The aguA gene encoding α-glucuronidase was isolated from the thermophilic fungus Talaromyces emersonii by degenerate PCR. AguA has no introns and consists of an open reading frame of 2511 bp, encoding a putative protein of 837 amino acids. The N-terminus of the protein contains a putative signal peptide of 17 amino acids yielding a mature protein of 820 amino acids with a predicted molecular mass of 91.6 kDa. Twenty putative N-glycosylation sites and four O-glycosylation were identiﬁed. The T. emersonii α-glucuronidase falls into glycosyl hydrolase family 67, showing approximately 63% identity to similar enzymes from other fungi. Analysis of the aguA promoter revealed several possible regulatory motifs including two XlnR and a CreA binding site. Enzyme activity was optimal at 50°C and pH 5. Enzyme production was investigated on a range of carbon sources and showed induction on beechwood, oat spelt and birchwood xylan, and repression by glucose or glucuronic acid.
UDP-xylose-stimulated glucuronyltransferase activity in wheat microsomal membranes: characterization and Role in glucurono(arabino)xylan biosynthesis.
Zeng, W., Chatterjee, M. & Faik, A.(2008). Plant Physiology, Vol. 147.
Microsomal membranes from etiolated wheat (Triticum aestivum) seedlings cooperatively incorporated xylose (Xyl), arabinose, and glucuronic acid residues from their corresponding uridine 5′-diphosphosugars into an ethanol-insoluble glucurono(arabino)xylan (GAX)-like product. A glucuronyltransferase activity that is enhanced by the presence of UDP-Xyl was also identified in these microsomes. Wheat glucuronyltransferase activity was optimal at pH 7 and required manganese ions, and several lines of evidence suggest its involvement in GAX-like biosynthesis. The GAX characteristics of the 14C-product were confirmed by digestion with a purified endo-xylanase from Aspergillus awamori (endo-xylanase III) and by total acid hydrolysis, resulting in a Xyl:arabinose:glucuronic acid molar ratio of approximately 105:34:1. Endo-xylanase III released only three types of oligosaccharides in addition to free Xyl. No radiolabel was released as xylobiose, xylotriose, or xylotetraose, indicating the absence of long stretches of unbranched Xyl residues in the nascent GAX-like product. High-pH anion exchange chromatography analysis of the resulting oligosaccharides along with known arabinoxylan oligosaccharide standards suggests that a portion of the nascent GAX-like product has a relatively regular structure. The other portion of the [14C]GAX-like polymer was resistant to proteinase K, endo-polygalacturonase, and endo-xylanase III (GH11 family) but was degraded by Driselase, supporting the hypothesis that the xylan backbone in this portion of the product is most likely highly substituted.
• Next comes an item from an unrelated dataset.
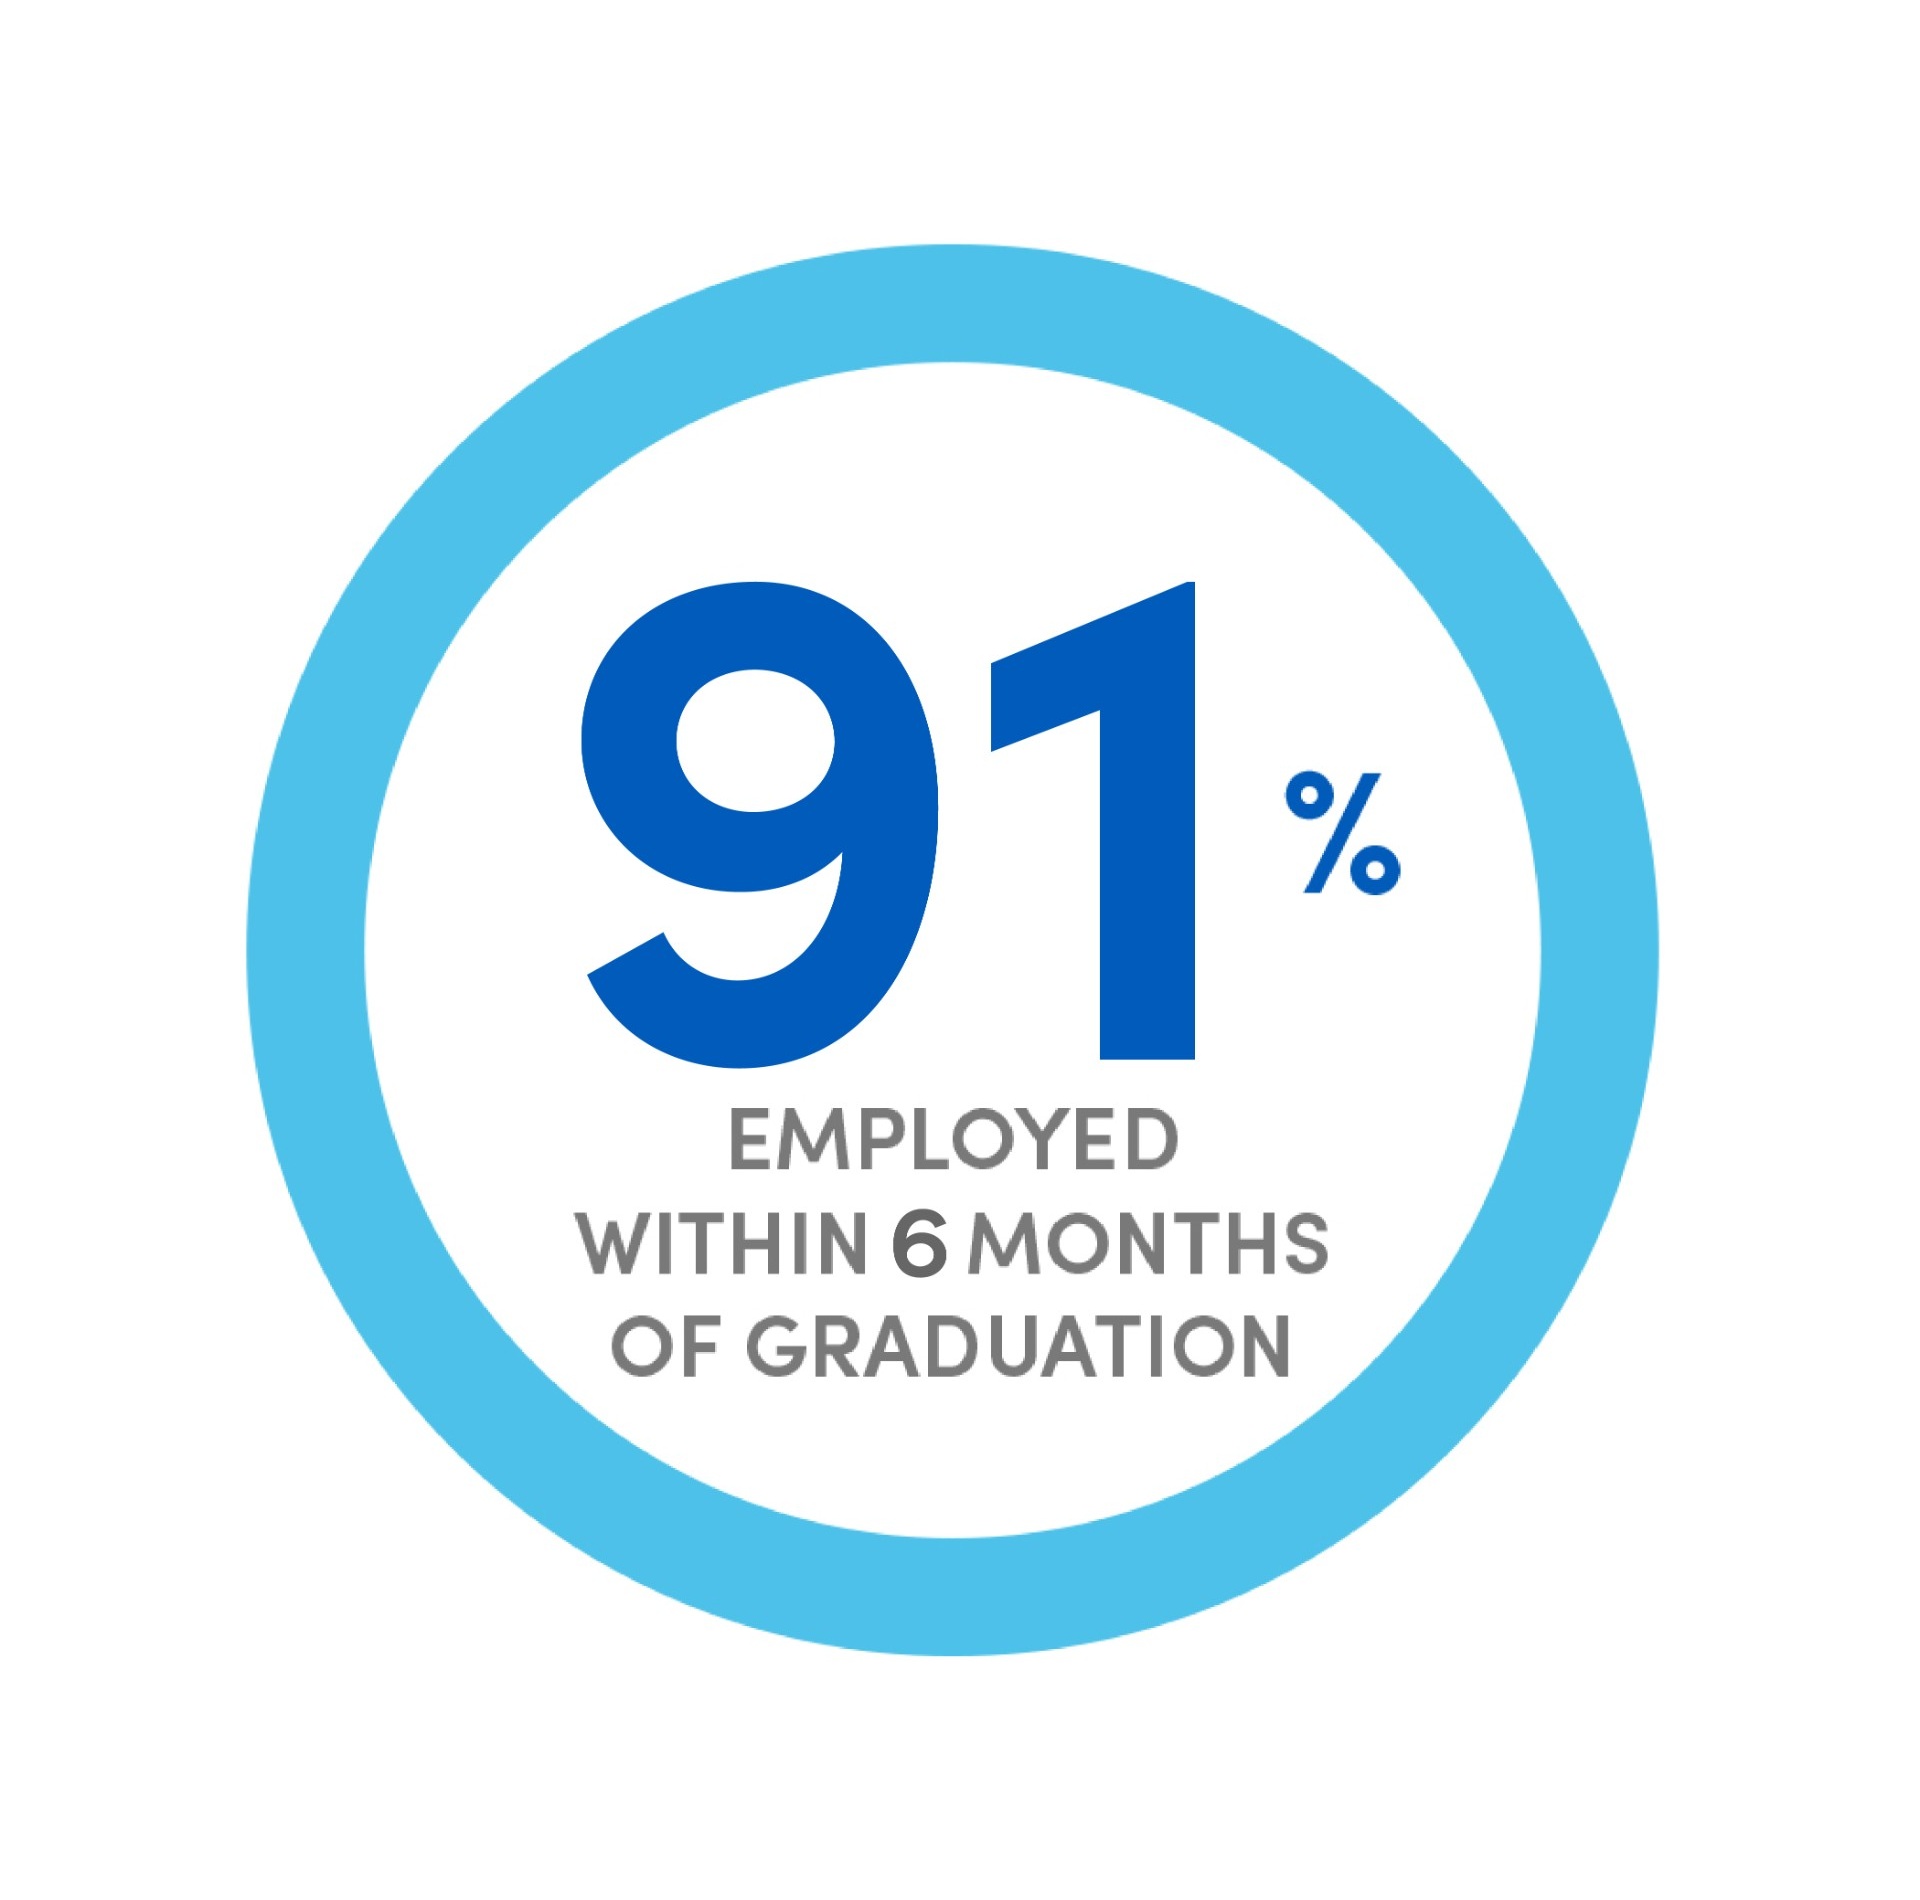 91% employment within 6 months of graduation.

Size exclusion chromatography indicated that the nascent GAX-like polymer had an apparent molecular mass of approximately 10 to 15 kD; however, mature GAXs from wheat cell walls had larger apparent molecular masses (>66 kD).
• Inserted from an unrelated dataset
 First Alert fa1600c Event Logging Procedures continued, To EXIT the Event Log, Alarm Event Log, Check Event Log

The Structural Basis for Catalysis and Specificity of the Pseudomonas cellulosa α-Glucuronidase, GlcA67A.
Nurizzo, D., Nagy, T., Gilbert, H. J. & Davies, G. J. (2002). Structure, 10(4), 547-556.
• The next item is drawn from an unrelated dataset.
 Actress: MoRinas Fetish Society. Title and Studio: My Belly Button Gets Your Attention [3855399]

α-glucuronidases, components of an ensemble of enzymes central to the recycling of photosynthetic biomass, remove the α-1,2 linked 4-O-methyl glucuronic acid from xylans. The structure of the α-glucuronidase, GlcA67A, from Pseudomonas cellulosa reveals three domains, the central of which is a (β/α)8 barrel housing the catalytic apparatus. Complexes of the enzyme with the individual reaction products, either xylobiose or glucuronic acid, and the ternary complex of both glucuronic acid and xylotriose reveal a “blind” pocket which selects for short decorated xylooligosaccharides substituted with the uronic acid at their nonreducing end, consistent with kinetic data. The catalytic center reveals a constellation of carboxylates; Glu292 is poised to provide protonic assistance to leaving group departure with Glu393 and Asp365 both appropriately positioned to provide base-catalyzed assistance for inverting nucleophilic attack by water.